Strava sites?Strava heatmap, Kabul

 

The recognition of the scale of personal tracking by soldiers sharing data on exercise apps grew as one exploited the heatmap’s scalability, and examined areas in which few locals were using it–or had access to the First World problem of registering how many miles one ran.  While the data was not only sourced from Americans, the anonymity of the aggregate map–which can be viewed in multiple shades–provided an image of ghostly presence that seemed particularly apt to describe concerns of security and suggest an aura of revealing secret knowledge.  The cool factor of the Strava map lit up the hidden knowledge that echoed the longstanding surveillance of the communication records of Americans in the bulk data collection that the Patriot Act allowed, although now the dragnet on data use was being done by private enterprise, suggesting an odd public-private sharing of technology, as what had been viewed as a domestic market suddenly gained new uses on an international front.  The poor data security of U.S. forces abroad reminded us that we are by no means the only actor collecting bulk data, but also the scale of digital dust that we all create as we entrust information about our geographical locations to companies even when they promote the value of doing so to be salutary.

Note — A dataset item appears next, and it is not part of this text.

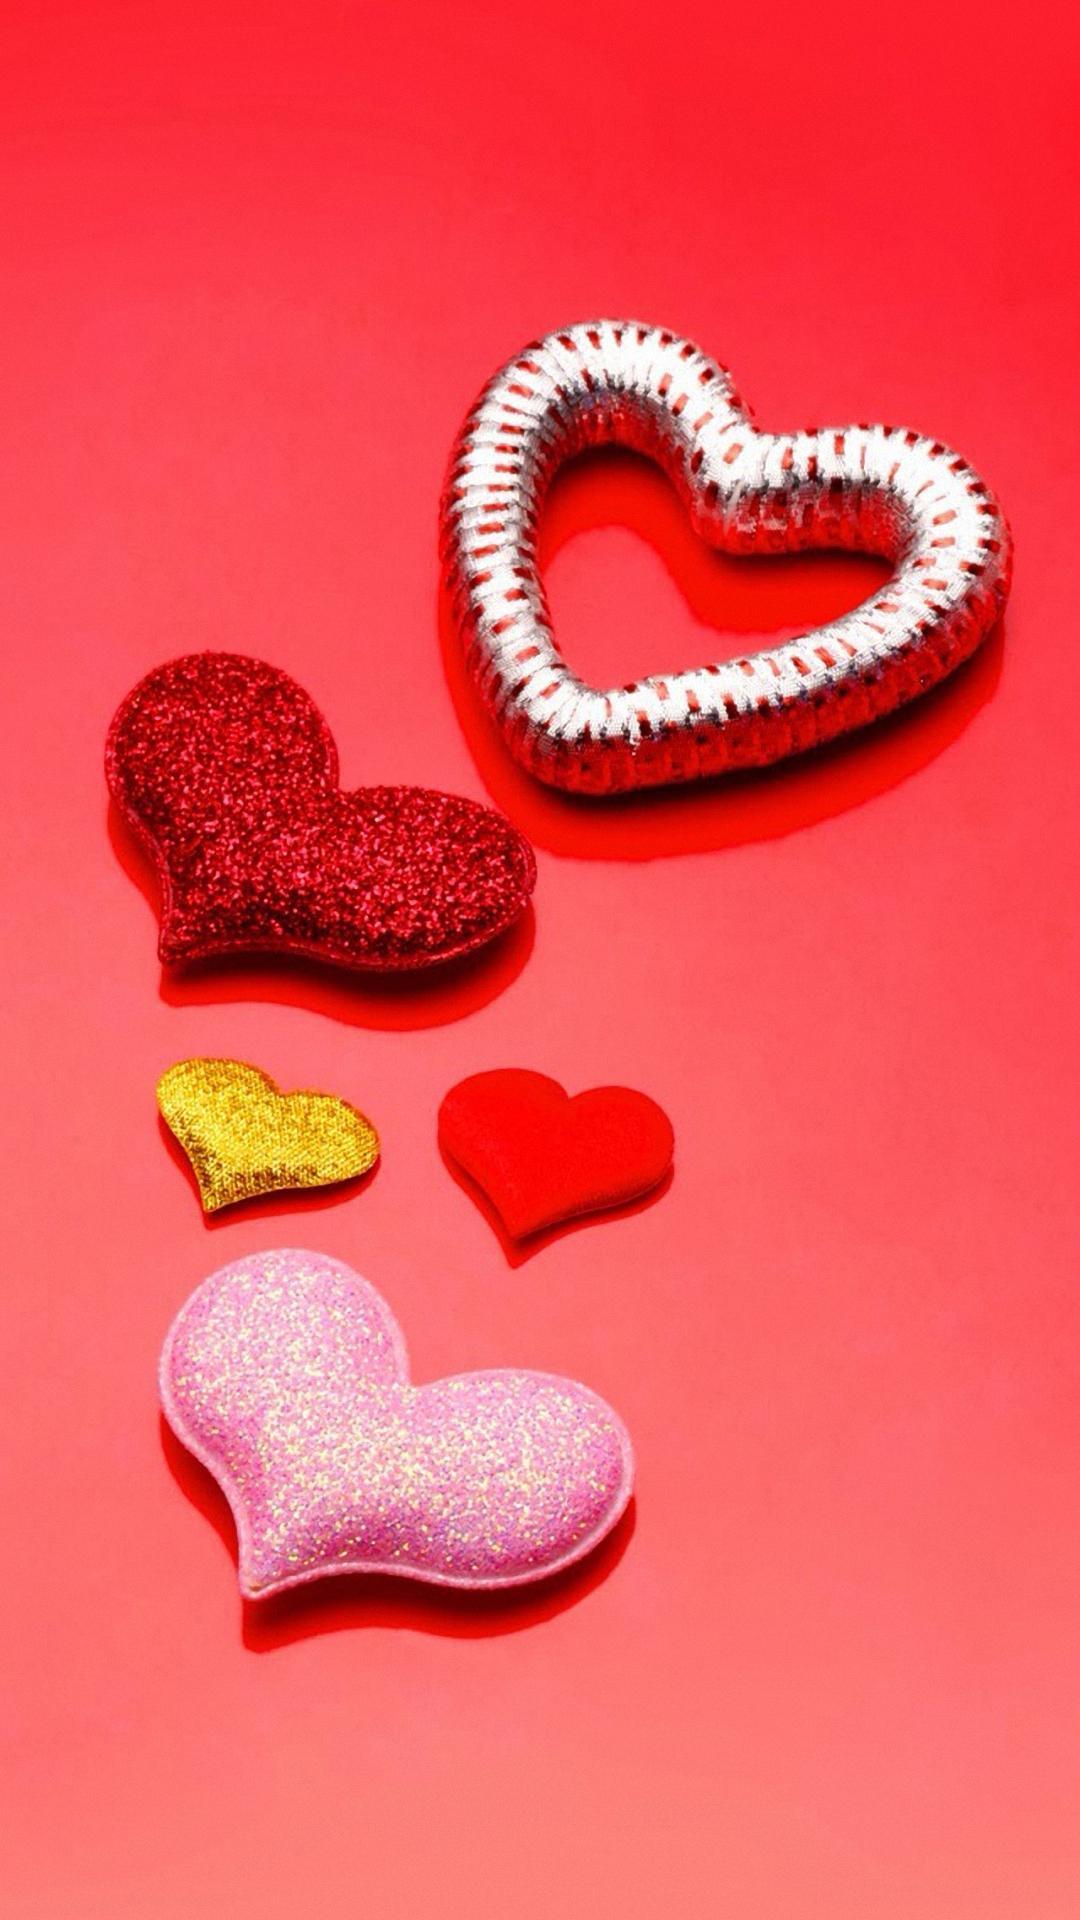 Love Heart Android Wallpaper 1080p Phone Mobile Full

Multiple accusatory narratives quickly spun about whether the release of the new global heatmap by Strava Labs constituted a breach in national security.  The soundbite from the State of the Union proclaiming a “new era” described changed conditions by referencing Gen. Michael Flynn’s charge, first raised during the 2016 Presidential campaign on national television news,  that the United States had sadly become “the best enemies in the world” during the Obama years, as he attacked the government of which he had been part for being itself complicit in how “our enemies love when we telegraph what we’re doing” by not maintaining secrecy in our military plans.  Flynn’s assertion became something of a meme in the campaign trail.  And President Trump sought to reference the fear of such changes of a past undermining national authority abroad when he claimed to bring closure to lax security, choosing to message that the loopholes that existed were now closed, and respect had been achieved.  The fictionalized imaginary landscape seemed to distract America from danger or unemployment in celebrating its arrival in a better economic place.  The message seemed as imaginary as the landscape of an employed America, which had arrived in a better economic and place.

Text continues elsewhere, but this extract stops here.